Darlan Noetzold, Instituto Federal de Educação, Ciência e Tecnologia Sul-Rio-Grandense

D. Noetzold is doing his master's degree at the University of Vale do Rio Sinos (UNISINOS), São Leopoldo, Brazil. He received the degree Bachelor's degree in Computer Science from the Federal Institute Sul-rio-grandense (IFSUL), Passo Fundo, Brazil in 2023. He also works as a Software Developer at CWI Software.

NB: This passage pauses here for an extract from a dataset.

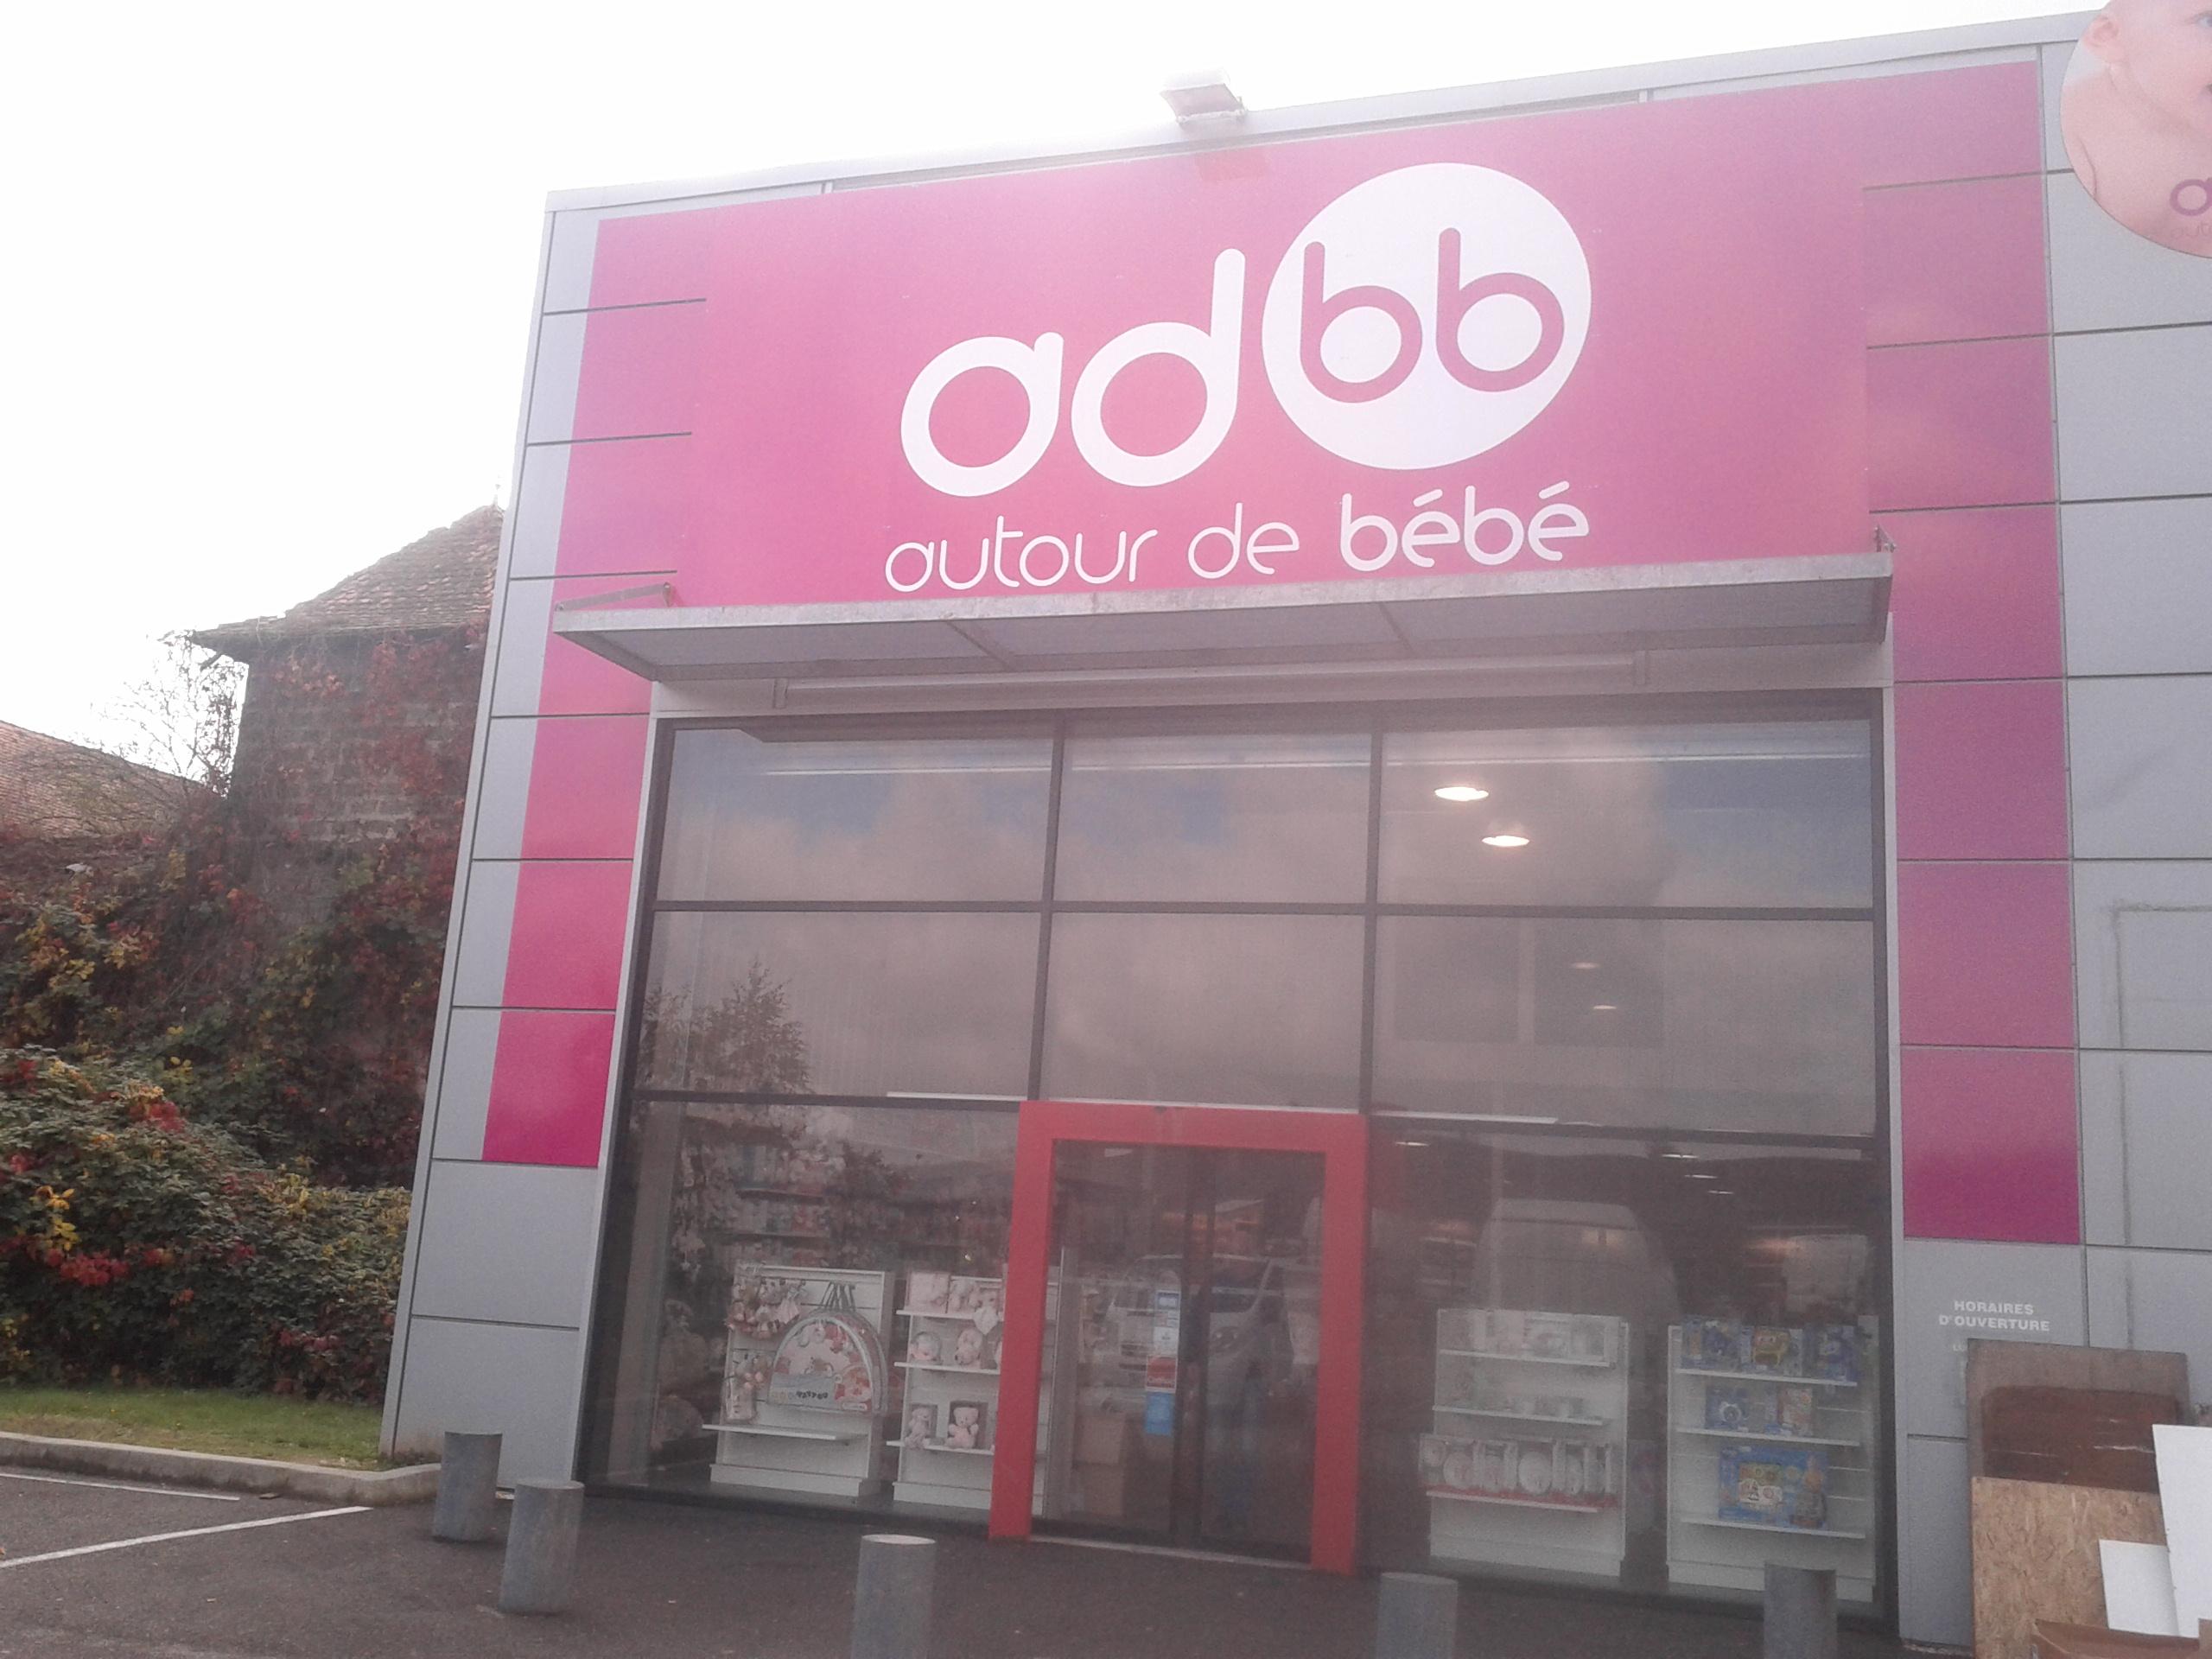 Ouverture autour de b b bourgoin amopi l 39 informatique for Autour de bebe portet

Anubis Graciela de Moraes Rossetto, Instituto Federal Sul-rio-grandense, Brazil

Anubis G. D. M. Rossetto received a Ph.D. degree in Computer Science from the Federal University of Rio Grande do Sul UFRGS/RS, in 2016. Master in Computer Science from the Federal University of Santa Catarina (2007). She is currently a Professor at the Federal Institute Sul-rio-grandense Câmpus Passo Fundo. She maintains cooperation with other research groups in Brazil, France and Portugal. Her main line of research is in distributed systems, mobile computing, internet of things and technologies in education.

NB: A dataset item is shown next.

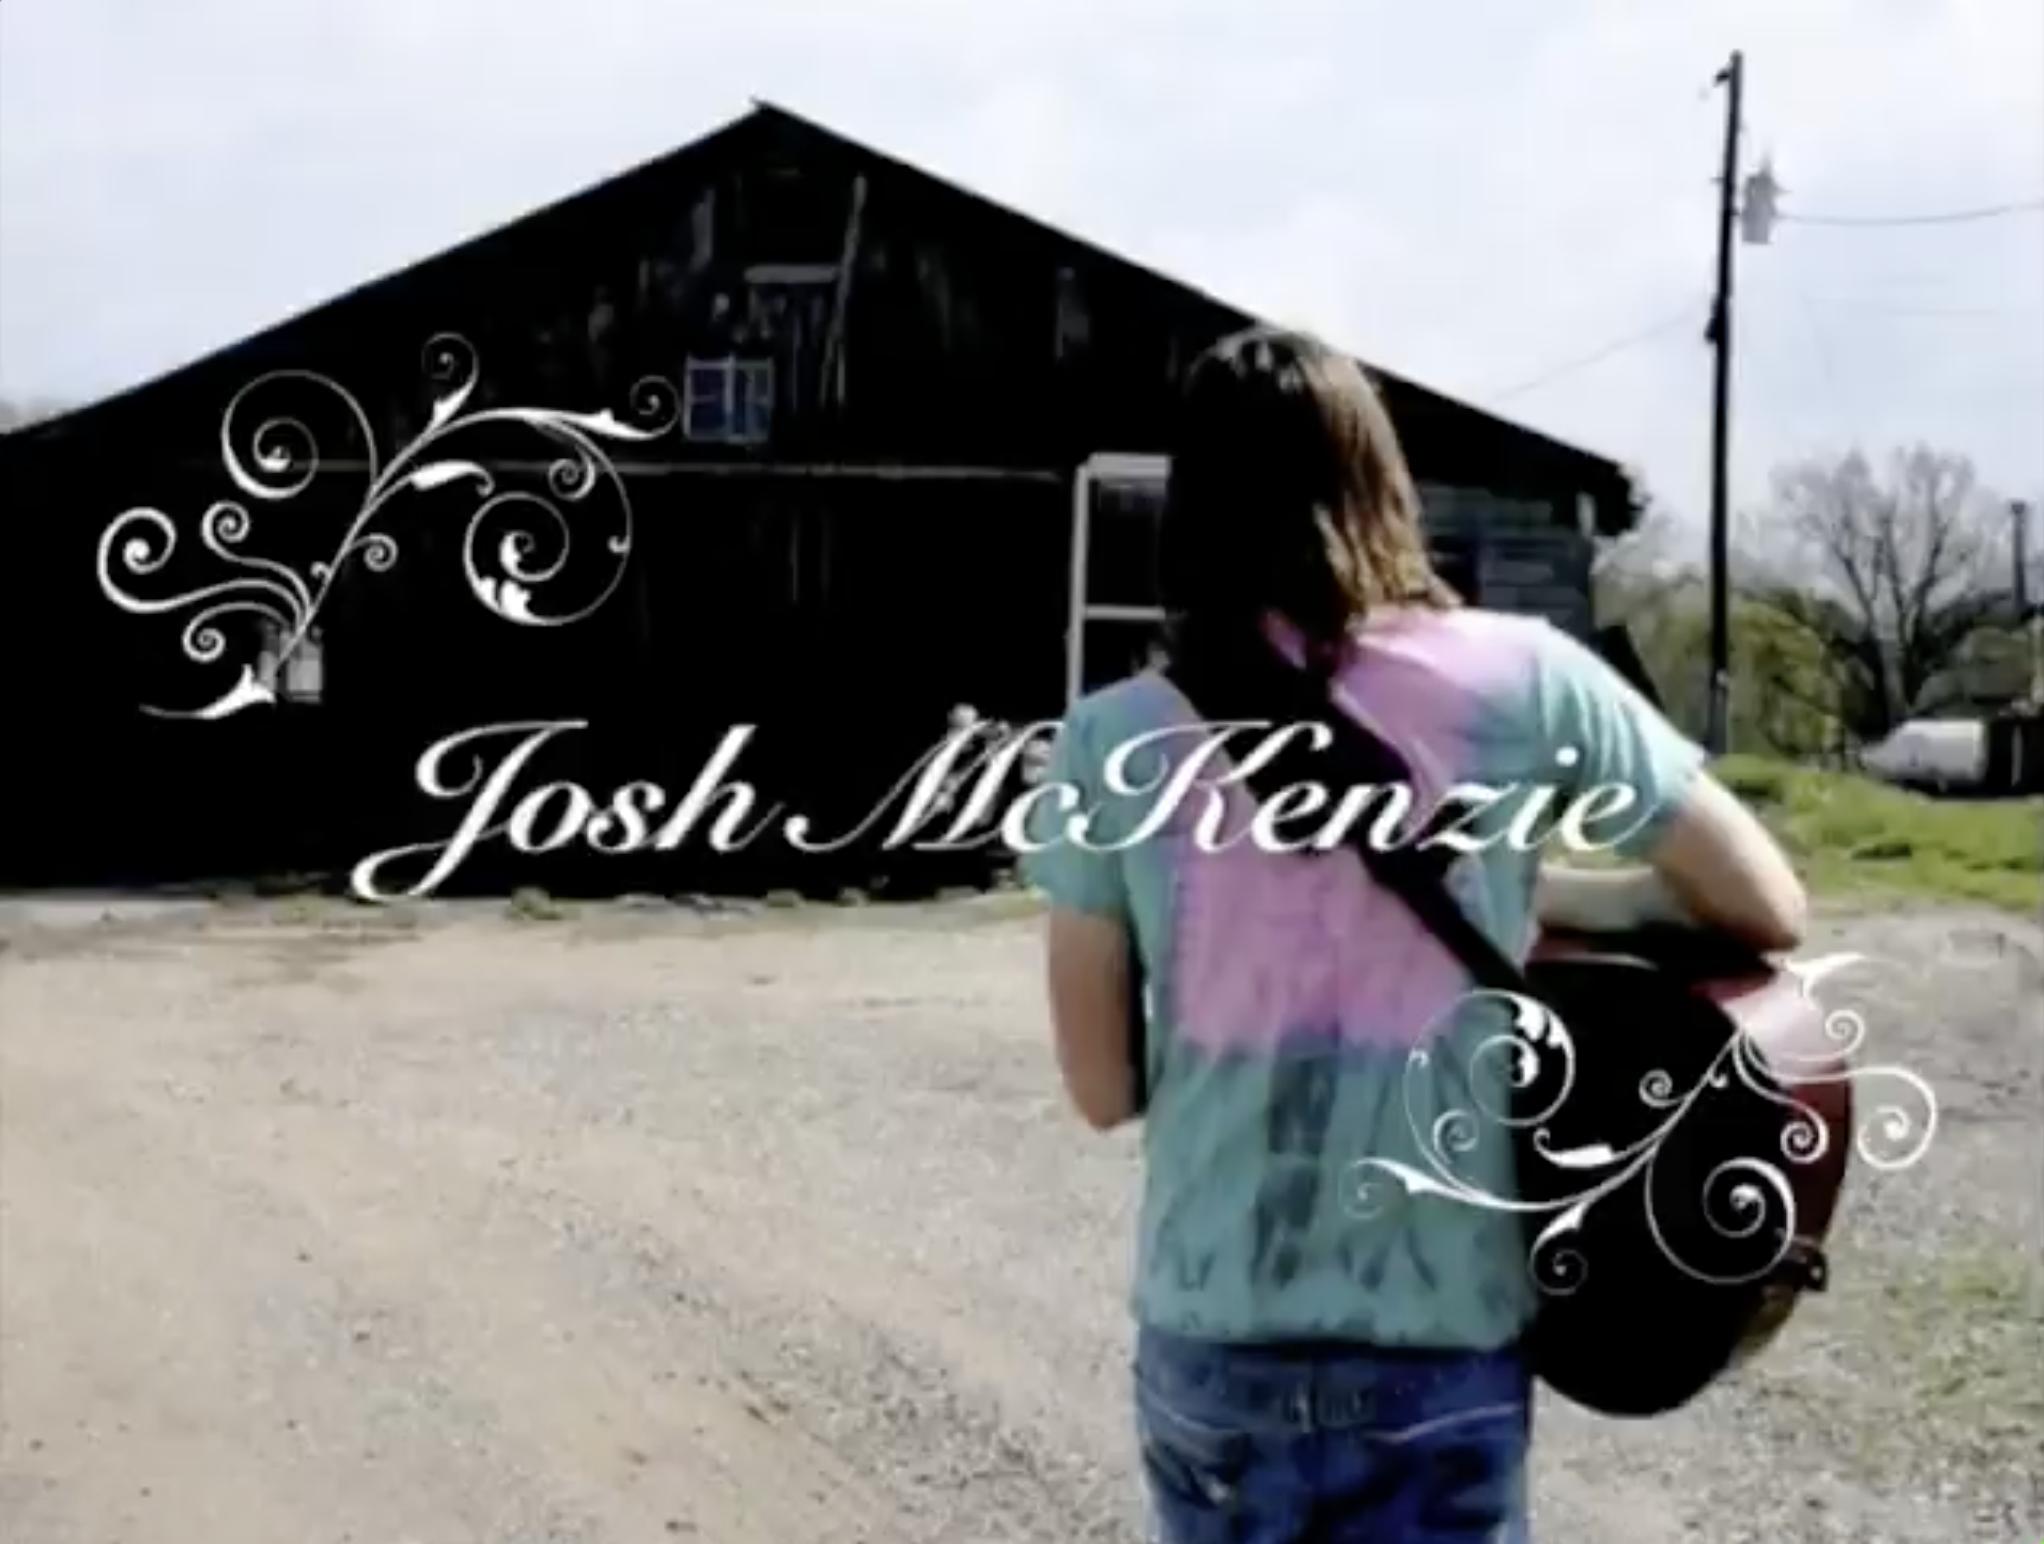 Josh McKenzie Full 1

Jorge Barbosa, University of Vale do Rio dos Sinos (UNISINOS), São Leopoldo, Brazil

Jorge Barbosa received M.Sc. and Ph.D. in computer science from the Federal University of Rio Grande do Sul, Brazil. He conducted post-doctoral studies at Sungkyunkwan University (SKKU, Suwon, South Korea) and University of California Irvine (UCI, Irvine, USA). Jorge is a full professor at the Applied Computing Graduate Program (PPGCA) of the University of Vale do Rio dos Sinos (UNISINOS), head of the university’s Mobile Computing Lab (MOBILAB), and a researcher at the Brazilian Council for Scientific and Technological Development (CNPq). His main research interests are Ubiquitous Computing, Ambient Intelligence, Big Data, Internet of Things (IoT), and Machine Learning.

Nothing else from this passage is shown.